WHAT THE TASK ASKS → Write out the data word for word and omit every picture.

----- COLLECTED DATA -----

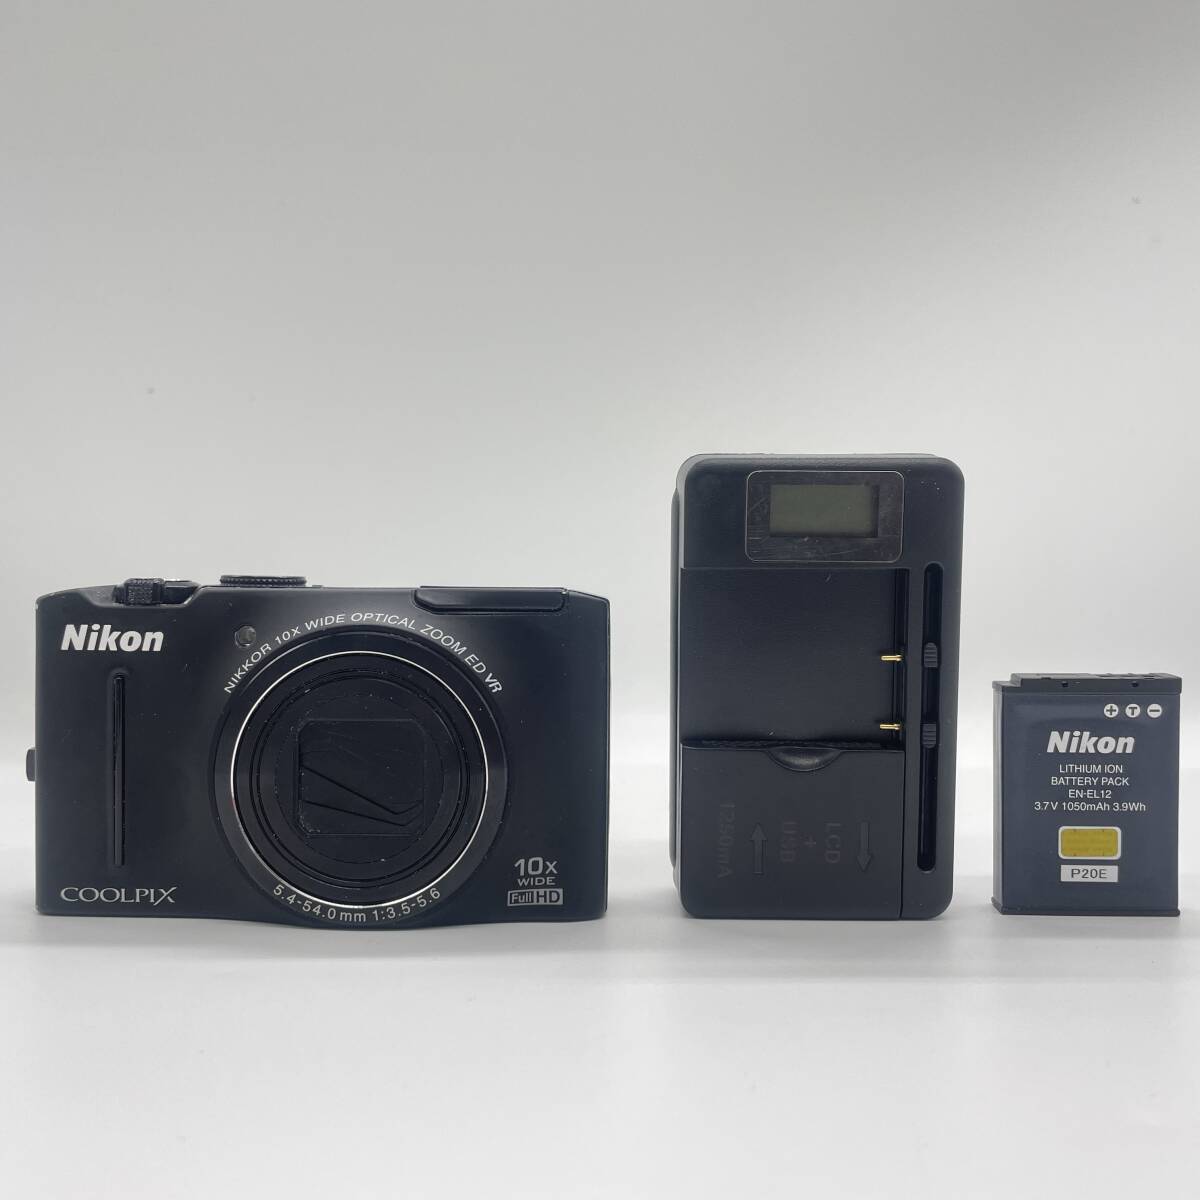  【動作確認済】Nikon coolpix S8100 BLACK コンデジ デジカメ デジタルカメラ シャッター&フラッシュ動作OKの画像1
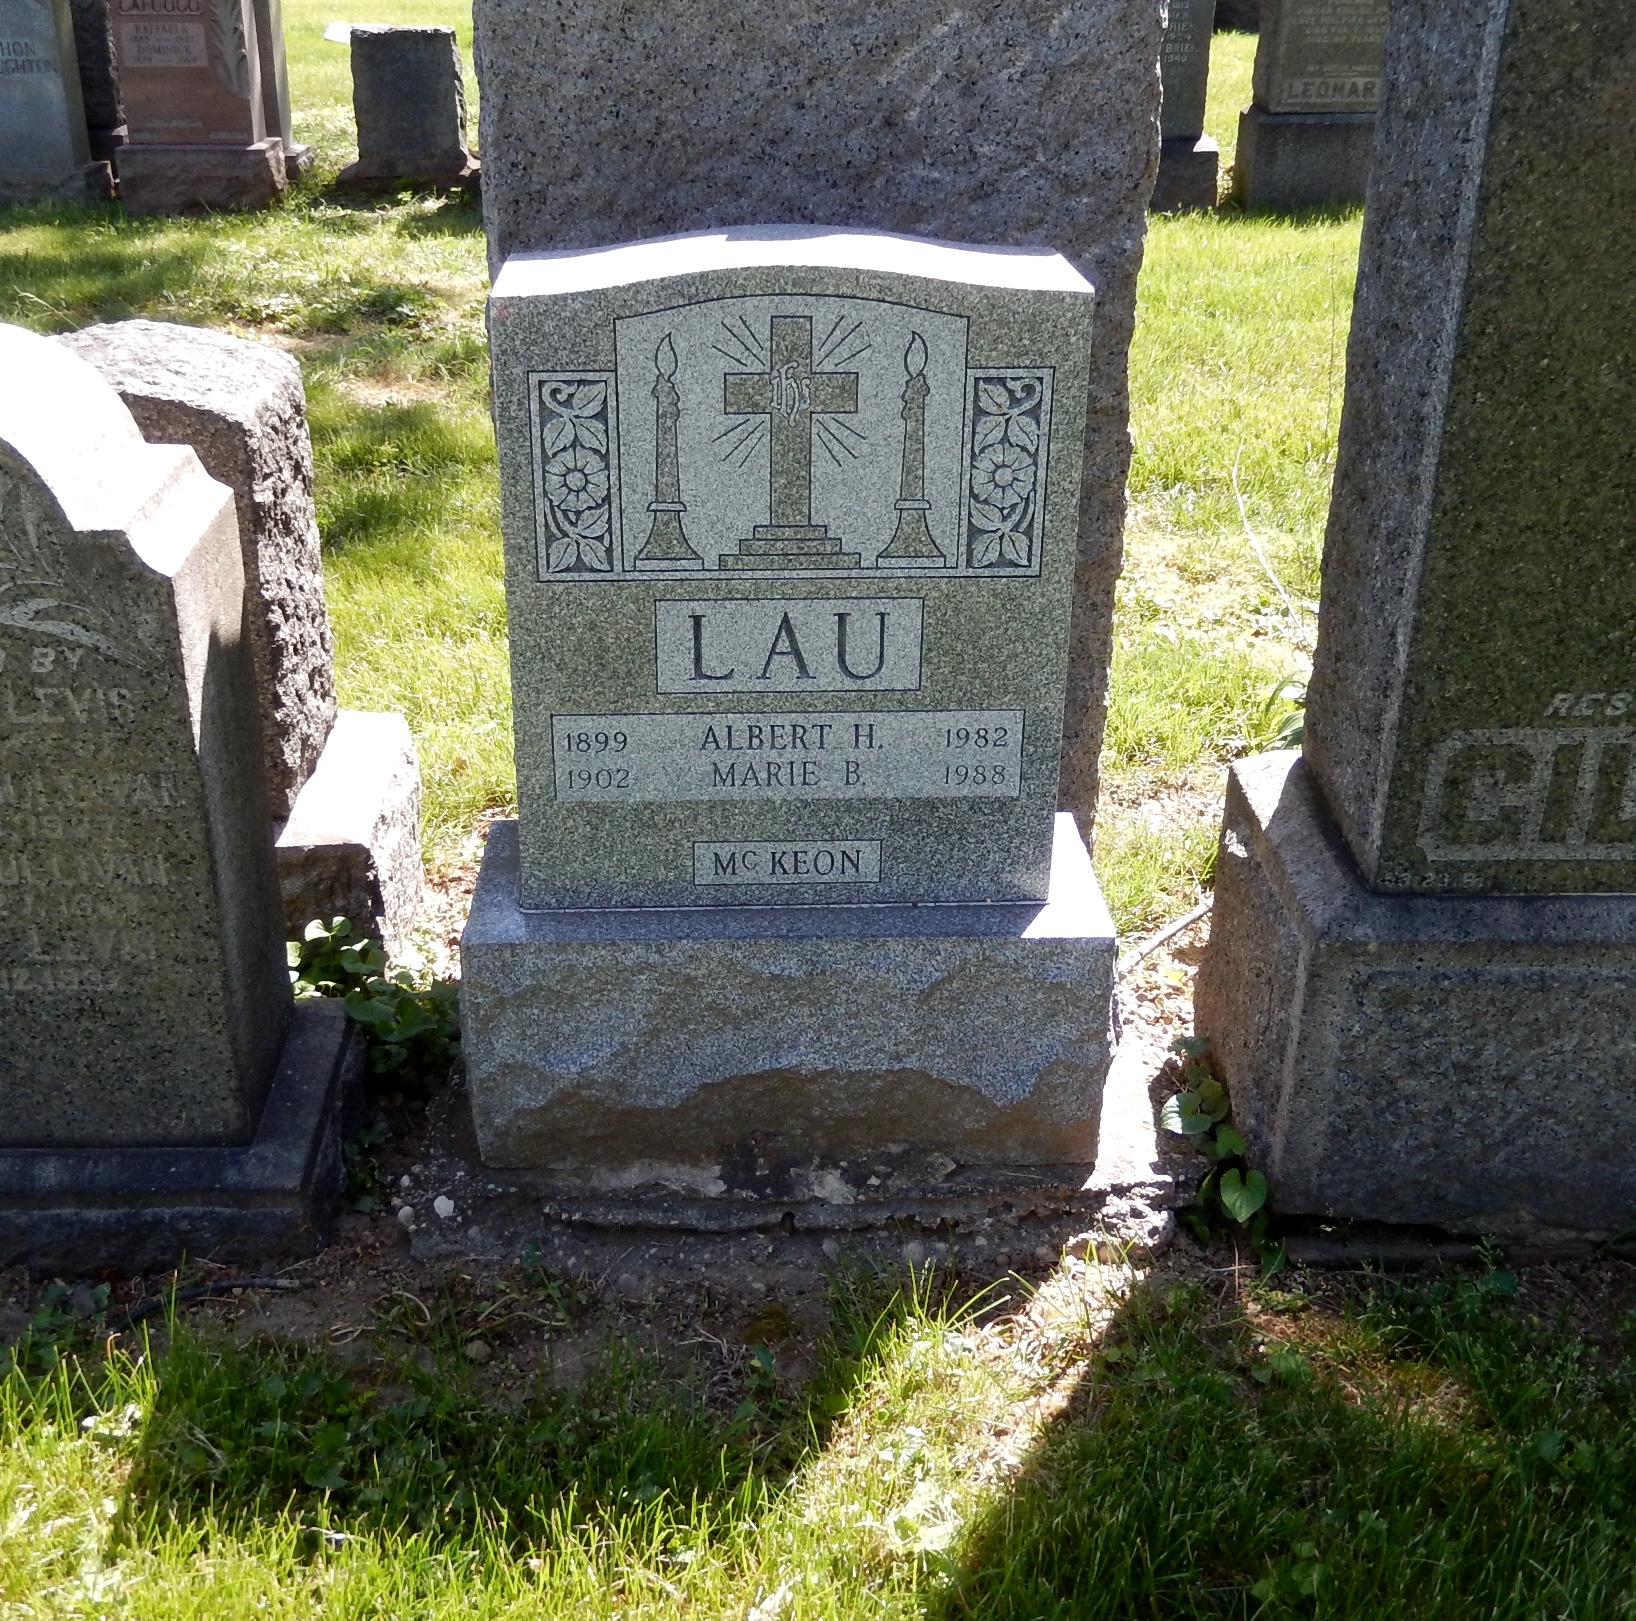 Albert H. Lau Grave
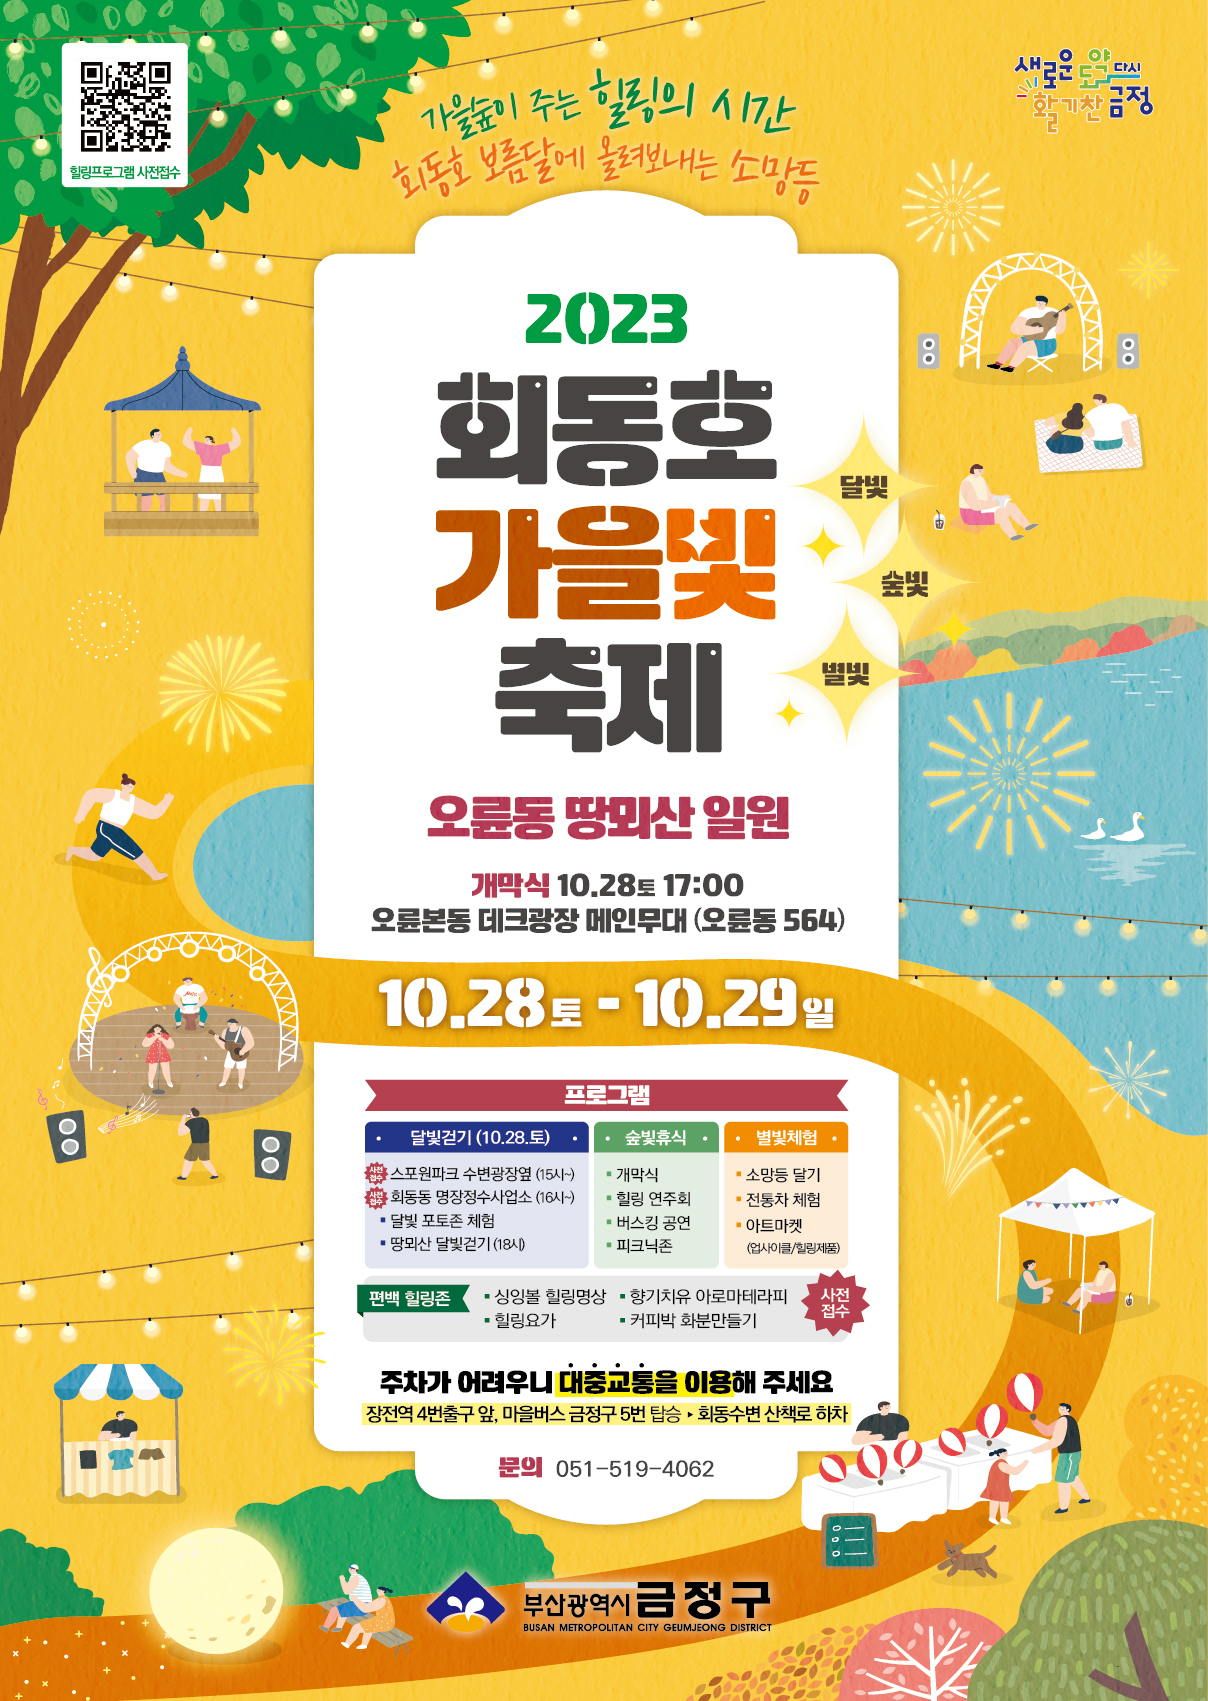 2023 회동호 가을빛(달빛,숲빛,별빛) 축제 개최 게시물의 첨부 이미지 1
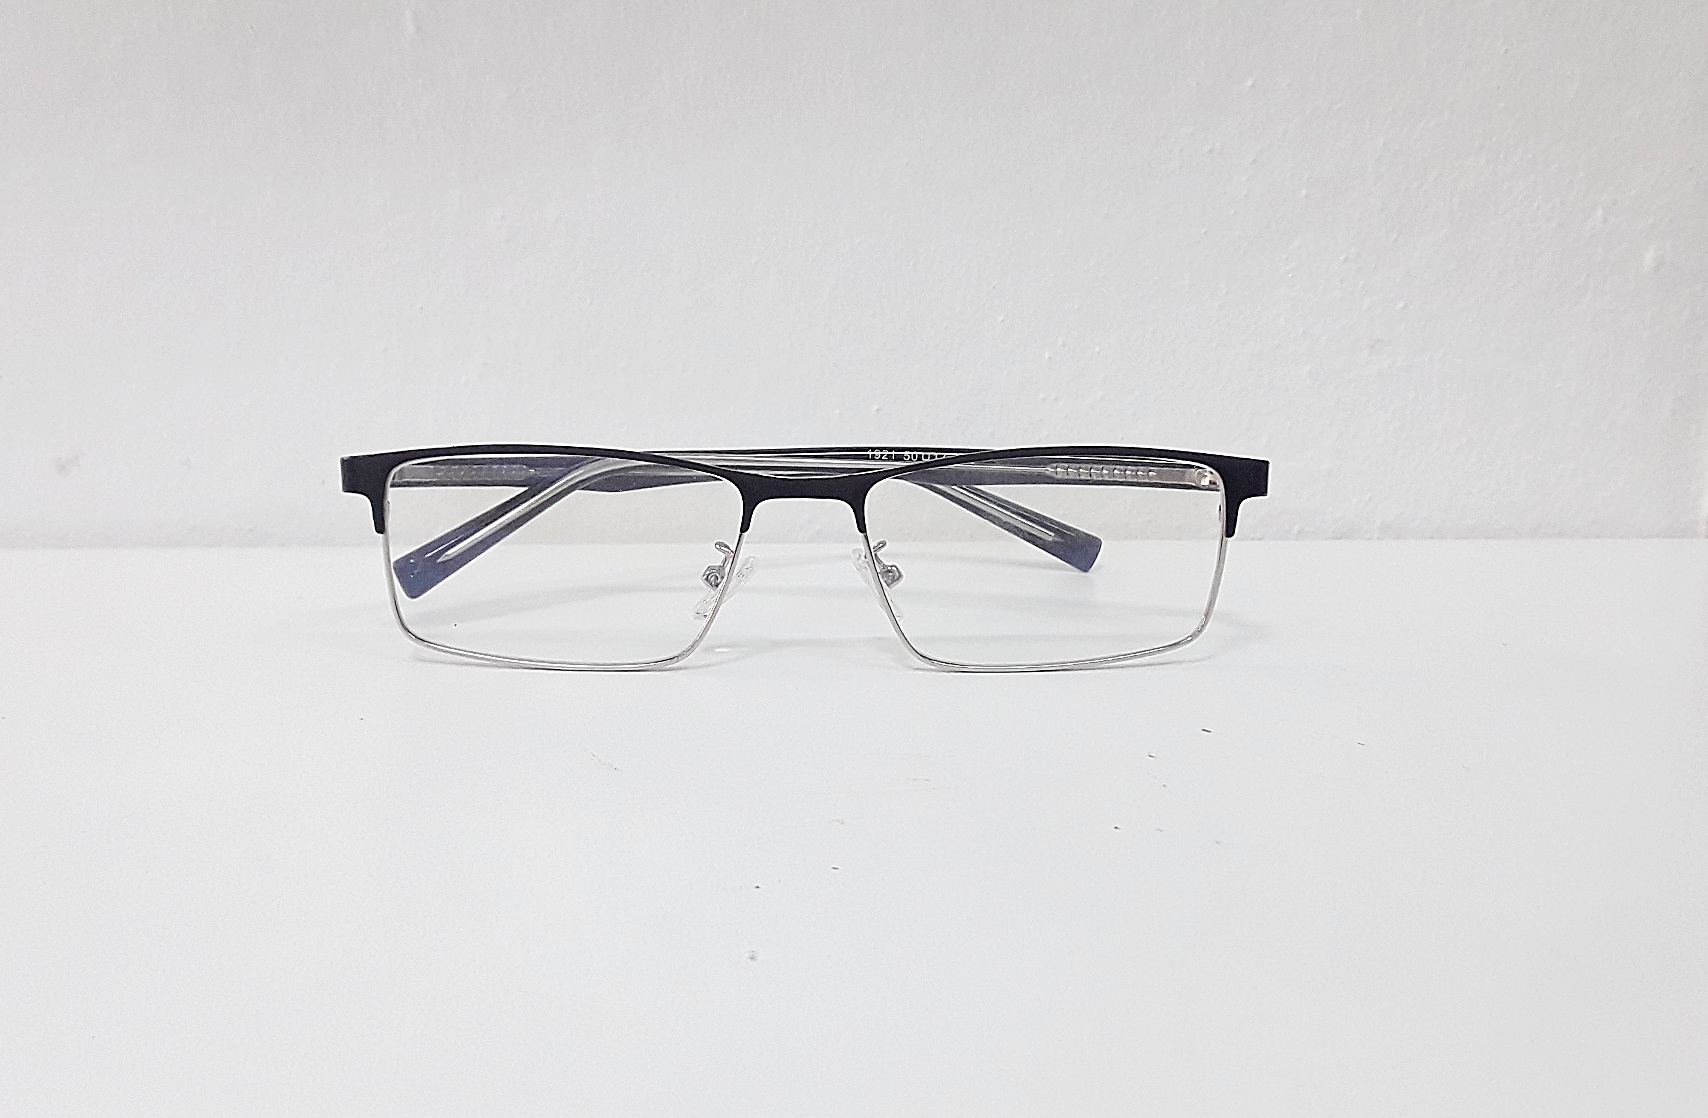 แว่นสายตายาว แว่นอ่านหนังสือ แว่นสายตา ตัดแว่น กรอบพร้อมเลนส์ ออโต้ปรับแสง ออโต้เปลี่ยนสีอัตโนมัติ แว่นตัด โดยร้านแว่น 1921ดำเงิน

-----

EXERCISE RESULT →
  【動作確認済】Nikon coolpix S8100 BLACK コンデジ デジカメ デジタルカメラ シャッター&フラッシュ動作OKの画像1
 Albert H. Lau Grave
 2023 회동호 가을빛(달빛,숲빛,별빛) 축제 개최 게시물의 첨부 이미지 1
 แว่นสายตายาว แว่นอ่านหนังสือ แว่นสายตา ตัดแว่น กรอบพร้อมเลนส์ ออโต้ปรับแสง ออโต้เปลี่ยนสีอัตโนมัติ แว่นตัด โดยร้านแว่น 1921ดำเงิน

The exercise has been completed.